Although I often sport a slick-back bun and little gold hoops, both hallmarks of the so-called aesthetic, there is a lot more behind the embodiment of a ‘clean girl.’ While ‘clean’ acts as the central concept to this trend, make no mistake; there’s grime beneath the glossy surface of this aesthetic.
Faze Wipes, Alysha Laurene, 2015
The clean-girl aesthetic, with its minimalist vibe and hyper-curated look, is less about beauty and more about selling an image which plays perfectly into our influencer-obsessed culture. Where, behind the scenes, there’s an invisible labour of constant grooming, overconsumption, and meticulous refinement. In a world where many of us live and die by the "visual economy" (as Emma Dabiri points out in Disobedient Bodies), the way you look is social currency. A currency that is only available to those who fit the ideal. It demands a level of privilege, time, money, and knowledge of beauty standards all reinforcing typically White Eurocentric standards of beauty.

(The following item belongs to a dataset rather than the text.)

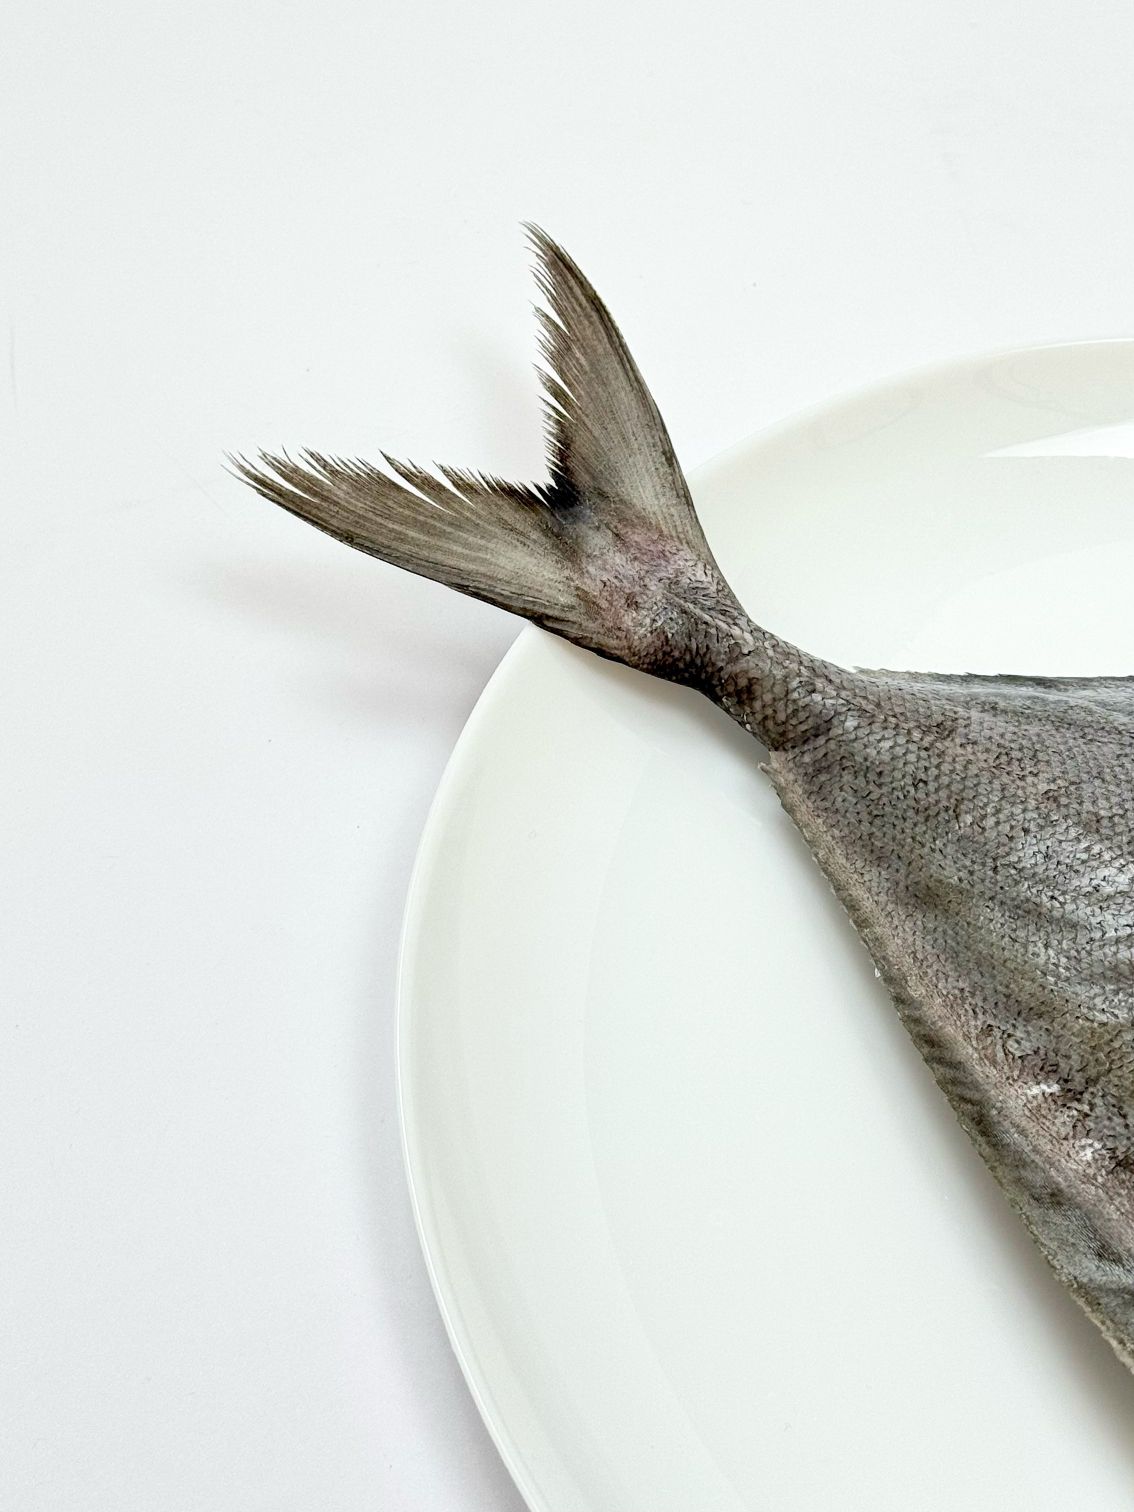  ماهی حلوا سیاه شکم خالی

So, while it may seem like the clean girl aesthetic is just another passing trend, it’s actually part of a larger, more complex performance. Its image (alongside similar trends and aesthetics) disguises the political underbelly of identity, power, and capital. Maintaining this facade isn’t about achieving ease or simplicity but more notoriously about keeping up with the unspoken rules of status and desirability in today’s cultural zeitgeist.
The rise of the clean-girl aesthetic coincided with the pandemic and the resurgence of the alt-right. While we were baking banana bread and fighting over toilet paper, a darker undercurrent was creeping into the mainstream - one that values control, purity, and a fetishized return to "tradition." From the trad-wife movement seen in personalities like Nara Smith, to the thinly veiled transphobia and fatphobia embedded in today’s beauty ideals. These aesthetics don’t just happen in a vacuum. Platforms like TikTok and Instagram amplify these images, perpetuating a narrow vision of beauty that the algorithm rewards over and over again.
The clean girl? Ambiguous. But we all know what she looks like!
Beauty is and will always be political. The lines between self-expression and self-exploitation are murkier than ever before. The “clean” girl is definitely dirtier than she looks!